Abstract
The human spermatozoal centrosome acts as a microtubule organizing center and is essential for male and female pronuclear migration and apposition. In this study, we assess centrosomal function of spermatozoa from infertile patients using heterologus intracytoplasmic sperm injection (ICSI) into bovine eggs. Spermatozoa from 15 infertile patients undergoing assisted reproductive technology (ART) treatment and 3 fertile donors were tested. Microtubules and DNA were imaged by immuocytochemistry and epifluorescence microscopy. Decondensed female chromosomes and sperm nuclei, pronuclear formation and sperm aster formation were examined. The average rate of sperm aster formation using spermatozoa from infertile individuals was lower (47.0%) than that with spermatozoa from fertile individuals (66.1%). We compared the sperm aster formation rates after ART with various clinical parameters, including semen characteristics, pronuclear formation rates, embryonic cleavage rates and pregnancy outcome. Clinical semen characteristics and the rate of pronuclear formation appeared independent of sperm centrosomal function. In contrast, the centrosomal function had a substantial effect on embryonic cleavage rate and pregnancy after ART. These results suggested that centrosomal function is essential for pregnancy and embryonic development. The method described using bovine eggs is suitable to assay human centrosome function and predict pregnancy after ART.
| Abbreviations | ||
| ART | = | assisted reproductive technology |
| ICSI | = | intracytoplasmic sperm injection |
| IVF | = | in vitro fertilization |
| MTOC | = | microtubule organizing center |
| SSS | = | synthesized serum substitute |
Introduction
Assisted reproductive technology (ART) has been advancing at a remarkable pace. For example, intracytoplasmic sperm injection (ICSI) has become common within the ART clinical setting. However, not all ICSI cases succeed in pregnancy. Therefore, clinicians should consider the process of fertilization.
The goal of fertilization is the fusion of the male and the female genome in the egg cytoplasm rather than just the entry of spermatozoon into the egg [Yanagimachi [Citation1994]]. Many events, such as egg activation, completion of meiotic maturation, second polar body extrusion and pronuclear formation, occur during the process of fertilization following sperm entry into the egg [Schatten et al. [Citation1998]]. However, these events in fertilization are not well understood. ICSI does not assist in initial sperm incorporation; it completely bypasses the sperm incorporation step of fertilization.

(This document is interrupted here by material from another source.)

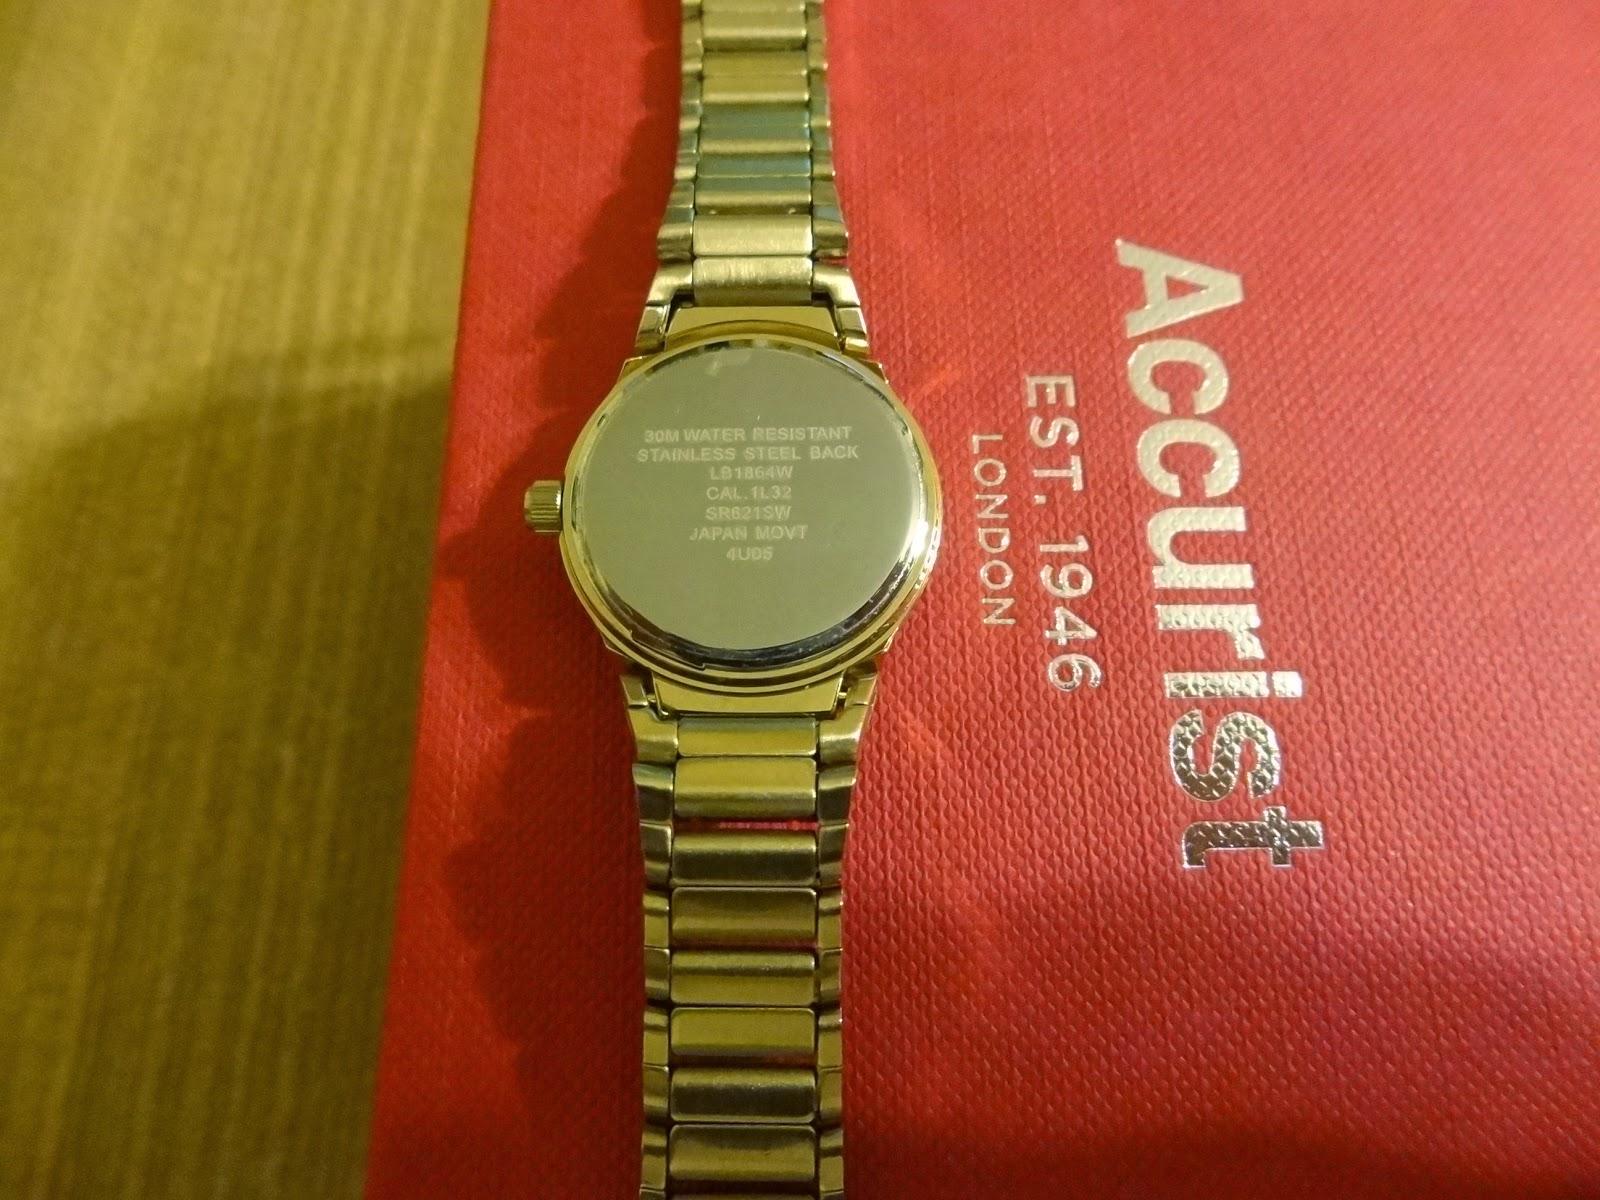 Accurist LB1864W watch

During the process of human fertilization, the sperm delivers the male genome, the egg activator [Kimura et al. [Citation1998]], the centrosome [Schatten [Citation1994]] and a population of RNAs [Krawetz [Citation2005]]. Microtubules form radially from the sperm-contributed zygotic centrosome, and this is called a ‘sperm aster’. The sperm aster is essential for the pronuclear movement that leads to the union of the male and female genomes [Schatten [Citation1994]; Navara et al. [Citation1994]; Simerly et al. [Citation1995]]. Sperm centrosomal functional assays have been reported with a heterologous ICSI system in vivo and with Xenopus egg extracts in vitro [Simerly et al. [Citation1999]]. Heterologous ICSI systems have been applied to numerous species including hamster [Hewitson et al. [Citation1997]], rabbit [Terada et al. [Citation2000]] and bovine [Nakamura et al. [Citation2001]]. Egg activation and sperm aster formation have been observed in heterologous ICSI of fertile human spermatozoa into both rabbit and bovine eggs [Terada et al. [Citation2000]; Nakamura et al. [Citation2001]]. Centrosomal function of spermatozoa from infertile human subjects following heterologus ICSI into rabbit eggs has also been described. The rate of human sperm aster formation within the rabbit egg correlated with embryonic cleavage rates of human clinical in vitro fertilization (IVF). However, the rate of sperm aster formation was approximately 30% for normal fertile spermatozoa [Terada et al. [Citation2004a]]. To achieve higher rates of aster formation as a tool to assess human sperm centrosomal function, we have examined the use of bovine eggs [Terada et al. [Citation2004b]]. The rate of aster formation following heterologus ICSI with fertile donor spermatozoa into bovine eggs is 60%. This is significantly higher than the rate of 30% in rabbit eggs. Using bovine eggs, we examined several cases of infertility associated with teratozoospermia and poor sperm centrosomal function. The rates of sperm aster formation were only 15.8% in a case of globozoospermia [Nakamura et al. [Citation2002]] and 16.0% in a case of dysplasia of the fibrous sheath [Rawe et al. [Citation2002]; Nakamura et al. [Citation2005]].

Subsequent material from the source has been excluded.